Mitigating social biases of pre-trained language models via contrastive self-debiasing with double data augmentation 通过双重数据增强的对比性自我消除，减轻预训练语言模型的社会偏见

IF 14.4 2区计算机科学 Q1 Arts and Humanities

Artificial Intelligence

Pub Date : 2024-04-26 DOI: 10.1016/j.artint.2024.104143

Yingji Li , Mengnan Du , Rui Song , Xin Wang , Mingchen Sun , Ying Wang

Pre-trained Language Models (PLMs) have been shown to inherit and even amplify the social biases contained in the training corpus, leading to undesired stereotype in real-world applications. Existing techniques for mitigating the social biases of PLMs mainly rely on data augmentation with manually designed prior knowledge or fine-tuning with abundant external corpora to debias. However, these methods are not only limited by artificial experience, but also consume a lot of resources to access all the parameters of the PLMs and are prone to introduce new external biases when fine-tuning with external corpora. In this paper, we propose a Contrastive Self-Debiasing Model with Double Data Augmentation (named CD³) for mitigating social biases of PLMs. Specifically, CD³ consists of two stages: double data augmentation and contrastive self-debiasing. First, we build on counterfactual data augmentation to perform a secondary augmentation using biased prompts that are automatically searched by maximizing the differences in PLMs' encoding across demographic groups. Double data augmentation further amplifies the biases between sample pairs to break the limitations of previous debiasing models that heavily rely on prior knowledge in data augmentation. We then leverage the augmented data for contrastive learning to train a plug-and-play adapter to mitigate the social biases in PLMs' encoding without tuning the PLMs. Extensive experimental results on BERT, ALBERT, and RoBERTa on several real-world datasets and fairness metrics show that CD³ outperforms baseline models on gender debiasing and race debiasing while retaining the language modeling capabilities of PLMs.

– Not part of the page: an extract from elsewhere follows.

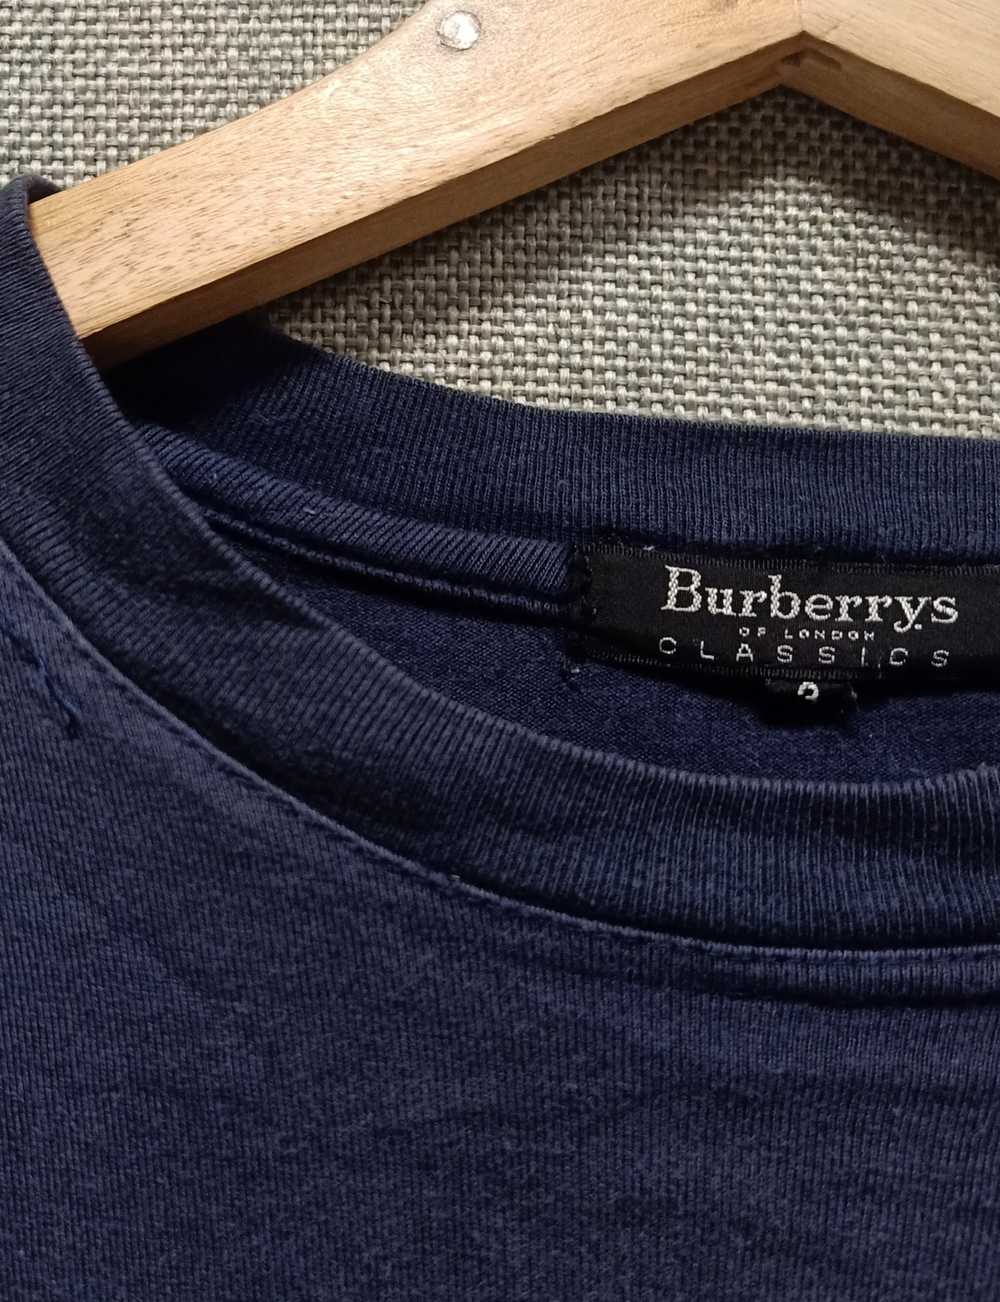 Burberry × Burberry Prorsum t shirt burberry made… - image 7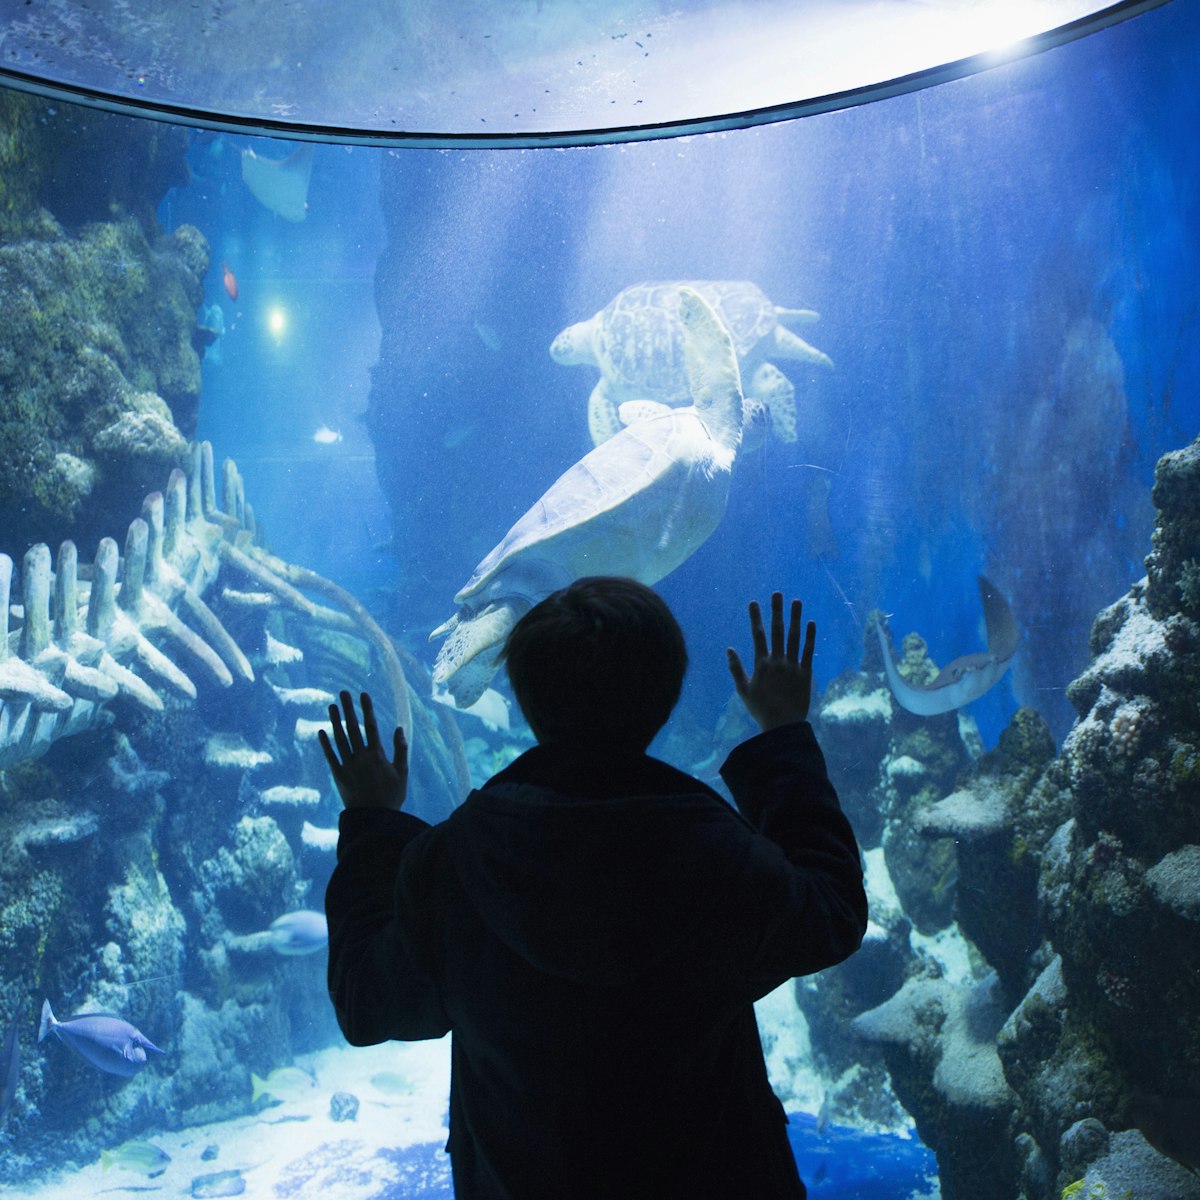 Boy admiring sea life in aquarium

事实证明，预训练语言模型（PLMs）会继承甚至放大训练语料库中的社会偏见，从而在实际应用中产生不受欢迎的刻板印象。现有的减轻 PLMs 社会偏见的技术主要依赖于利用人工设计的先验知识进行数据扩充，或利用丰富的外部语料库进行微调来消除偏见。然而，这些方法不仅受到人工经验的限制，而且需要消耗大量资源来获取 PLM 的所有参数，并且在使用外部语料进行微调时容易引入新的外部偏差。在本文中，我们提出了一种具有双重数据增强功能的对比自消除模型（名为 CD3），用于减轻 PLM 的社会偏见。具体来说，CD3 包括两个阶段：双重数据增强和对比性自我纠错。首先，我们在反事实数据增强的基础上，使用有偏见的提示进行二次增强，这些提示是通过最大化不同人口群体中 PLM 编码的差异而自动搜索的。双重数据扩增进一步放大了样本对之间的偏差，从而打破了以往数据扩增严重依赖先验知识的去除法模型的局限性。然后，我们利用增强数据进行对比学习，训练即插即用适配器，以减轻 PLM 编码中的社会偏差，而无需调整 PLM。在 BERT、ALBERT 和 RoBERTa 上对多个真实数据集和公平性指标进行的大量实验结果表明，CD3 在性别去重和种族去重方面优于基线模型，同时保留了 PLM 的语言建模能力。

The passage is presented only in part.